There is a further problem. Any energy technology must generate more energy over its lifetime than was used in its manufacture and operation, by a ratio of at least seven, otherwise it is a waste of money. This is known as energy return on energy invested. The oil coming out of an oil well, or the electricity from a wind turbine must be much more than will be used in drilling the next well or making the next turbine: because it has to provide useful energy to the economy too, and to provide people with the wherewithal to build and repair machines and structures. It’s believed that medieval agrarian economies teetered close to the brink of this energy return threshold, getting not much more energy out of a windmill or food from a cornfield than had gone into it in terms of muscle power.
By this measure, solar power is actually negative and makes no sense at all in cloudy Britain, and nor does growing biofuels, since the tractors and chemicals use up about as much energy as is produced from the crop. According to a German study, wind power is viable by this measure, but not if you factor in the energy needed to store electricity to make it reliable, at which point it fails the test — and that’s assuming pumped water-storage, which is much cheaper than batteries.

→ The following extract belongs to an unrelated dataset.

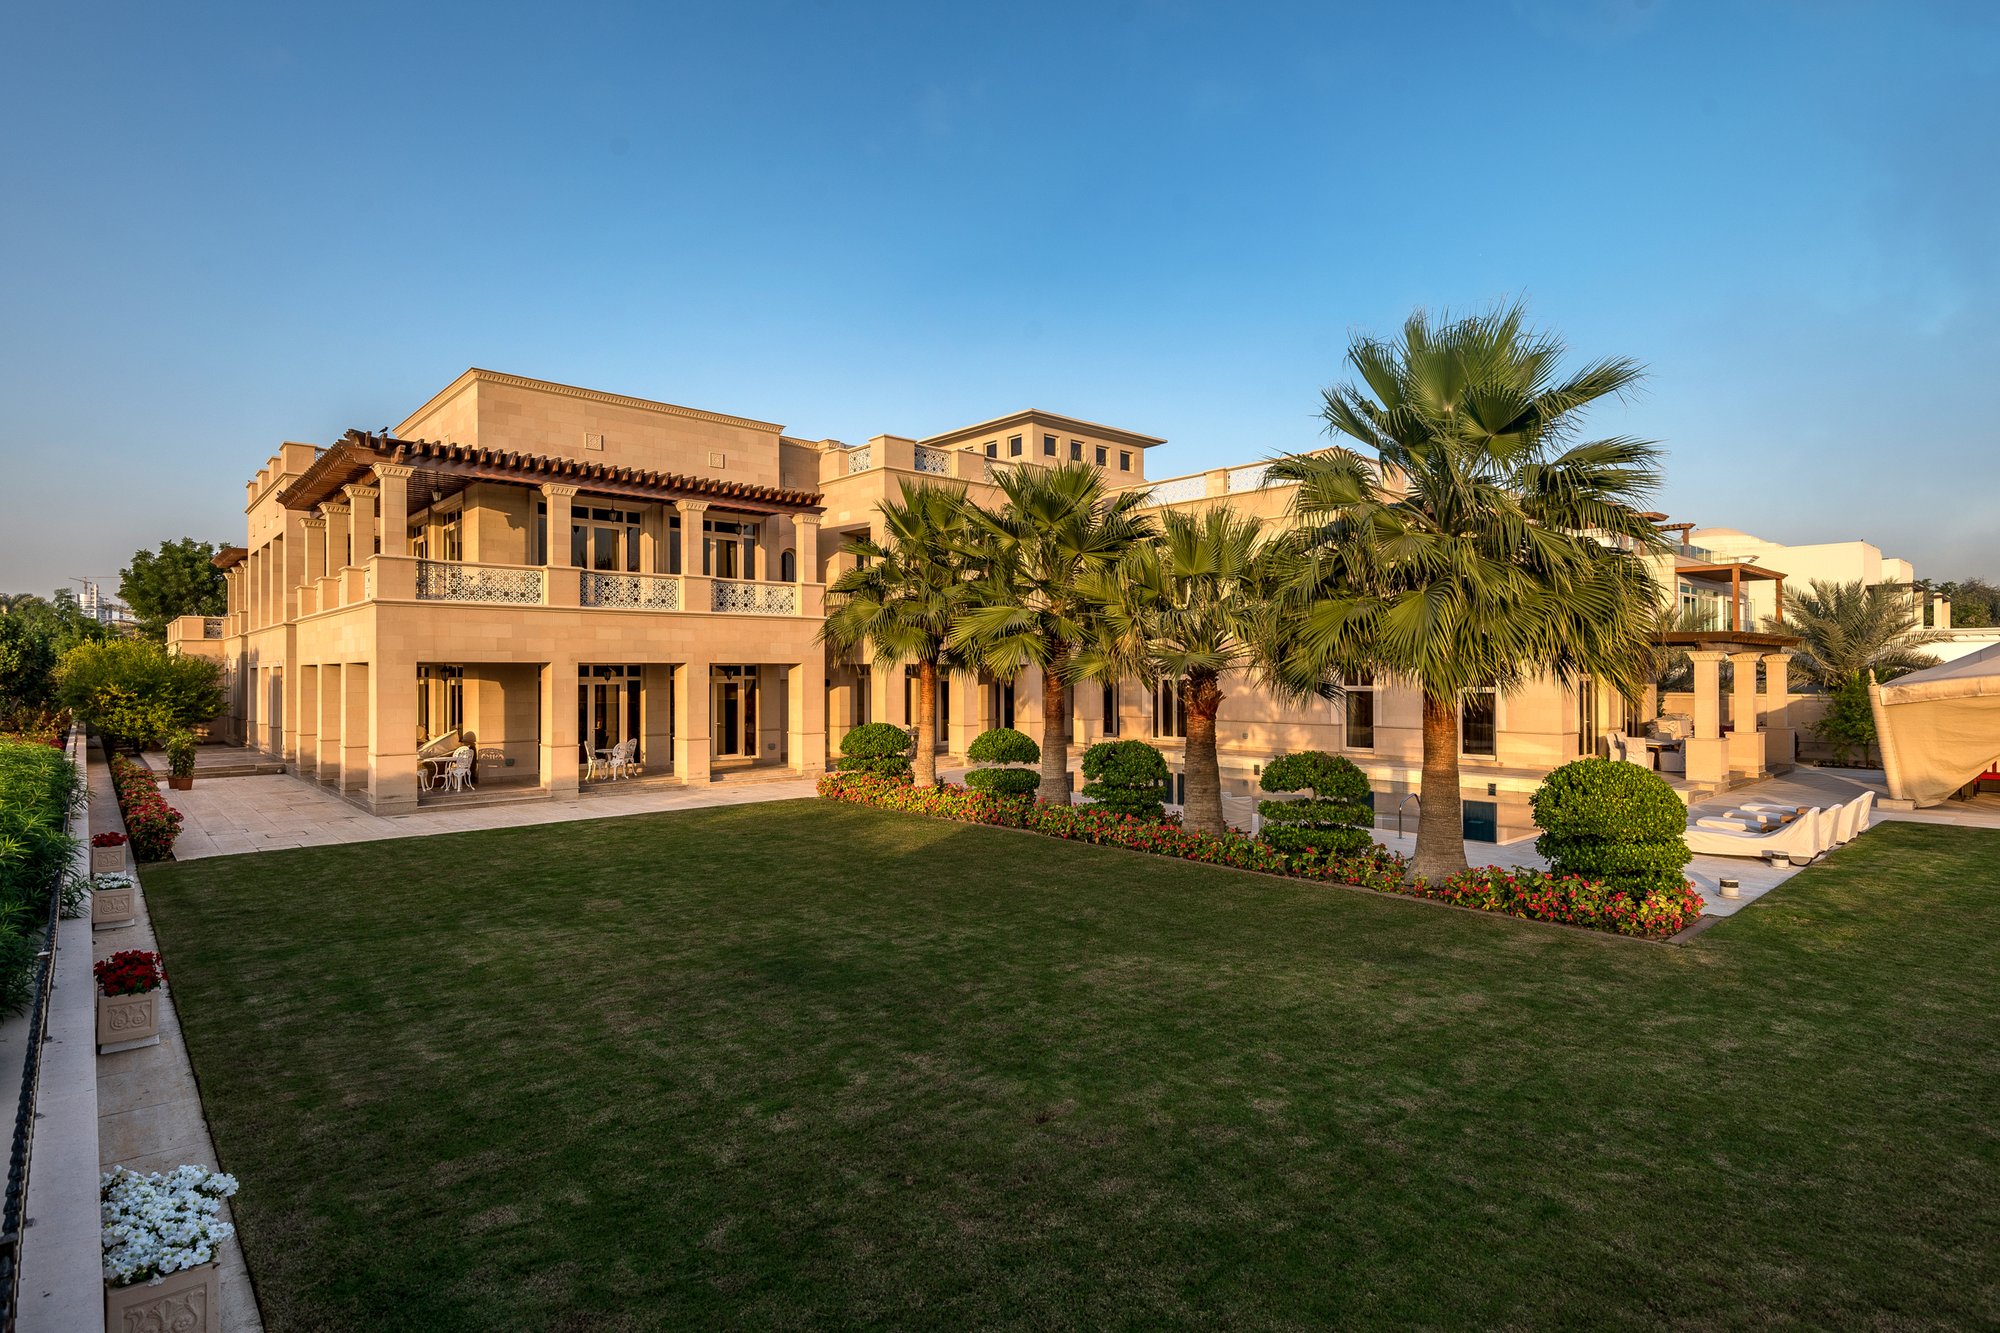 Arabesque Luxury Golf Mansion Emirates Hills In Dubai United Arab

You could deduce from all this not that it’s unaffordable but that there’s going to be huge, if not limitless, demand for batteries, especially if they get more efficient. Mr Musk’s investors are betting big on batteries. His Nevada gigafactory, built as a joint venture with Panasonic, is expected to cut the cost of batteries by 30 per cent and will produce 50 gigawatt-hours of batteries a year by 2018, enough to power Britain for 20 minutes if we electrify heat and transport. Other giga-scale battery factories have already opened in Asia.
There is no doubt that production of batteries has increased dramatically and batteries are going to be playing a big part in our lives, even without trying to store grid electricity. And no, we are not going to run out of lithium.
According to the Los Angeles Times, Mr Musk has had $US4.9 billion ($6.45bn) of subsidies for his three main ventures: Tesla Motors, SolarCity (now bought by Tesla) and Space Exploration Technologies. He has yet to turn a profit and the losses are growing: some analysts think Tesla is burning through $US1bn a quarter. American taxpayers had better hope they have not been investing in a pyramid scheme. Enron, too, used to boast about its green credentials.
Here in Britain, you get a bribe of up to 4500 pounds from the government if you buy an electric car, so it’s no wonder that motor manufacturers are rushing to open factories. In terms of noise and pollution, electric vehicles clearly make a lot of sense.
However, their cost is still huge, and their Achilles heel is the long time it takes to recharge. That’s a problem on the way to being solved, but not without risk: there seems to be evidence that it is rapid charging that increases the risk of internal shorting and this may be one of the problems within the Samsung batteries, leading to melting, oxygen release and explosion.